Мы сидели наверху, на едва заметном трансепте собора, на хрупких деревянных стульях, которые скрипели под нашим весом. Внизу, под нами, играли музыканты, и божественные звуки взлетали вверх, отражаясь от древних стен и каменных изваяний святых. Я наблюдала, как скрипачи работают смычками, а их пальцы, словно бешеные насекомые, мечутся вверх и вниз по струнам, рождая музыку, как вдруг рука Карло оказалась под моей мокрой блузкой и стала нежно опускаться и подниматься по позвоночнику, по моей влажной коже, заставив отвердеть мои соски.
Все мы — грешники.
ГЛАВА СЕМНАДЦАТАЯ
Лицо Марка окаменело — он стиснул зубы так крепко, что видно было, как на скуле бьется пульс.
— Ты хочешь сказать, что снова встречаешься с ним? Tu le vois toujours en fait, все еще?
Мы остановились на красный свет, но Марк все еще продолжал смотреть вперед на дорогу, крепко сжимая в руках руль. Мы ехали ко мне домой, через площадь Республики, по нашей старой дороге, по которой мы часто ездили, пока Марк не стал отвозить меня к себе домой. Пока она уже точно не ушла.
— Нет, Марк. Я совсем не это имела в виду. — Я замолчала, рассматривая его руки, его побелевшие костяшки пальцев. — Как я уже тебе сказала, у меня сегодня утром был с ним урок.
Зажегся зеленый, и мы тронулись, немного быстрее, чем мне хотелось бы. Марк смотрел на дорогу, о чем-то размышляя при этом. Он прищурился и тоже бросил взгляд на мои руки, которые я держала на коленях.
— О чем ты думаешь? — спросила я, хотя и так это знала. Я прикрыла ладонью запястье, но было уже поздно.
— Твои часы. Где, ты говоришь, их нашла? Я не говорила.

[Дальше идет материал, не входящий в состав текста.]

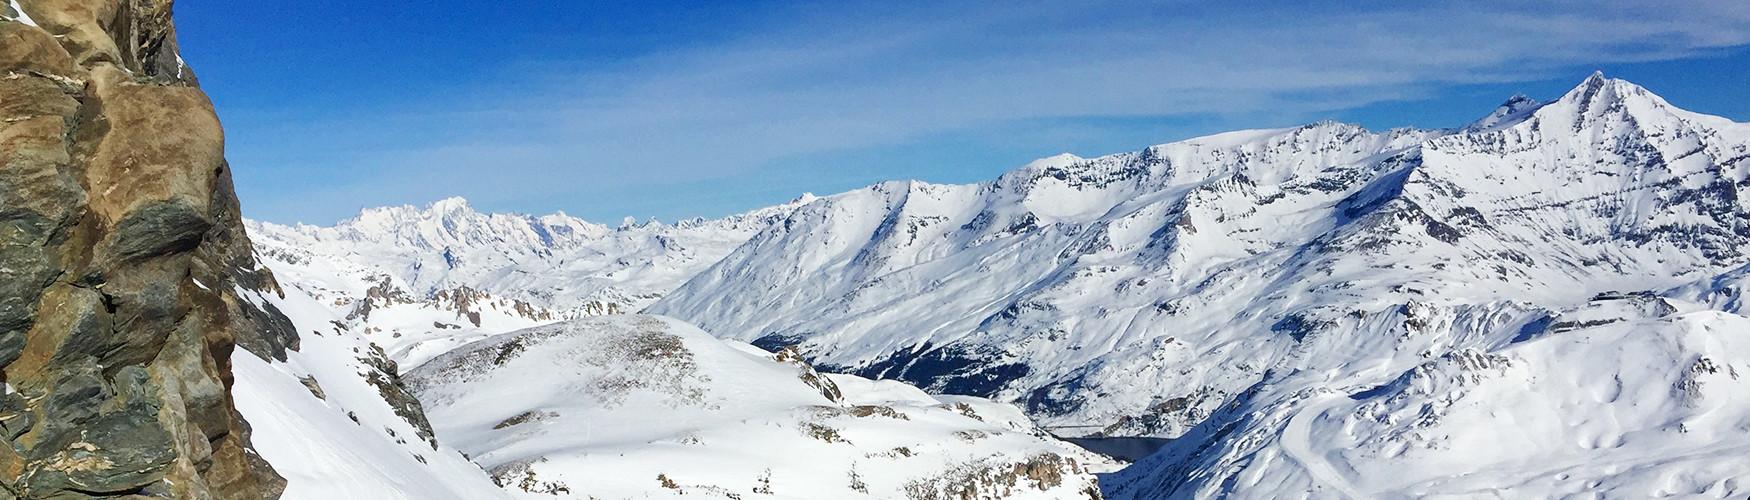 Freeride Val-Isere Frankreich
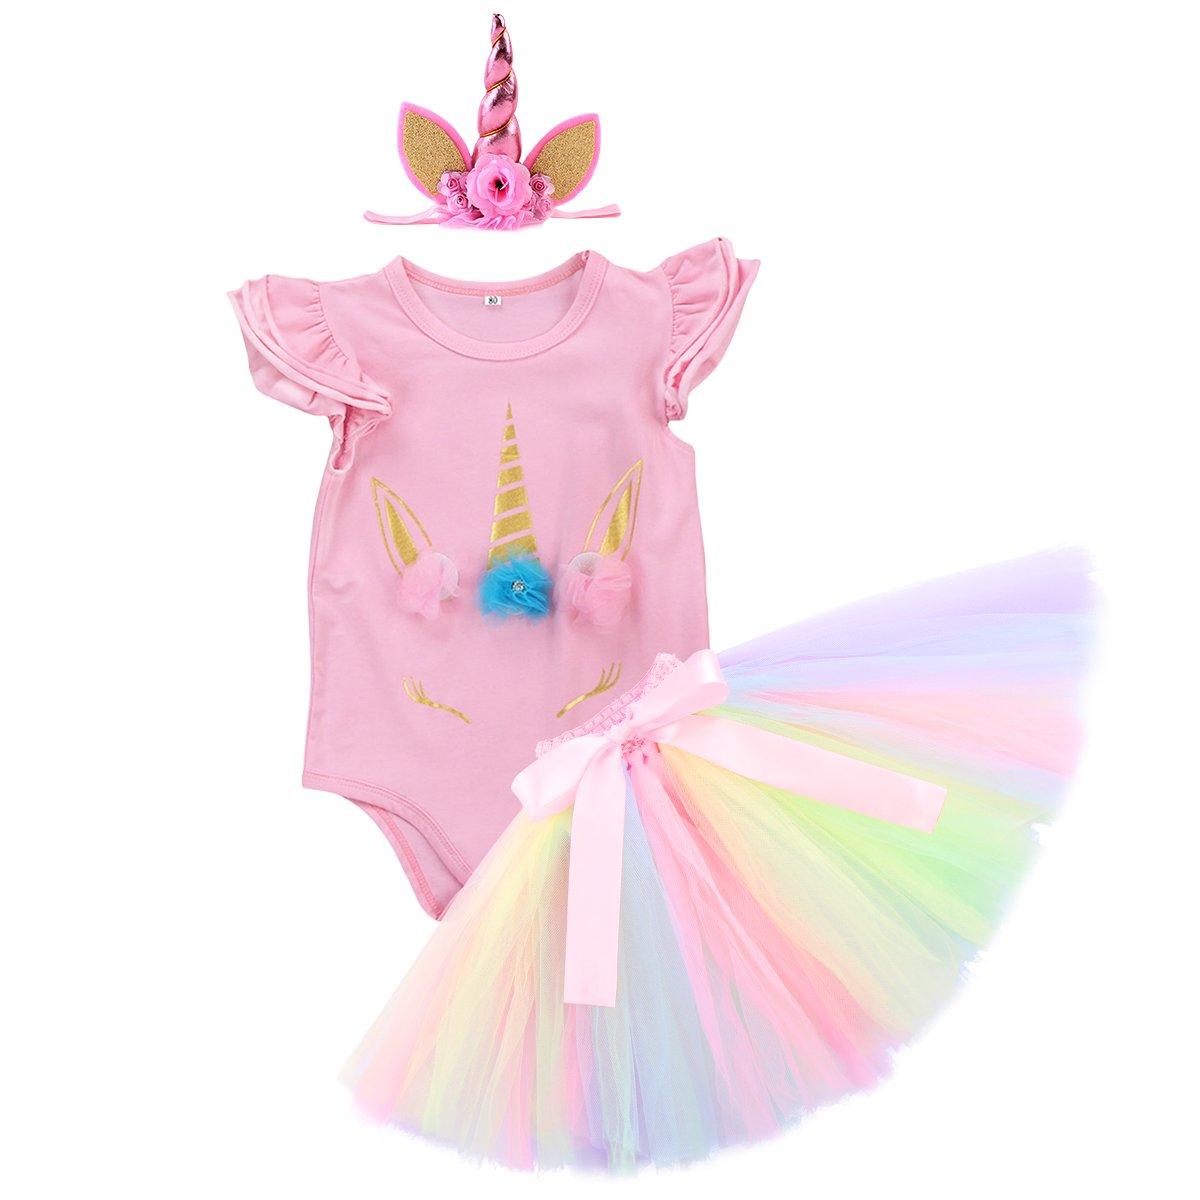 Iwemek Baby Girls 1st 2nd Birthday Cake Smash Photo Shoot 3pcs Dress Tutu Flower Pink 0 2th Outfits Newborn Infant Princess Halloween

Эти часы были у меня практически с самого начала, почти одного возраста с нашими отношениями, лишь на два дня моложе, но даже старше, чем Чарли. Они были на мне во время родов, с полуночи, когда начались первые схватки, и в одиннадцать утра, когда мне сообщили: «Энни, у тебя родился замечательный мальчик». Вот почему, когда Карло протянул мне сегодня утром коробку, я взяла ее, любезно приняв подарок. Ведь, в конце концов, он принадлежал мне по праву. Но тогда, в первый раз, часы так и оставались в коробке, которую я задвинула в самый дальний угол шкафа, как и платье. Потом однажды, когда эта коробочка уже ничего для меня не значила, а воспоминания о Карло потеряли свою живость и потускнели, я просто вынула ее и извлекла оттуда часы.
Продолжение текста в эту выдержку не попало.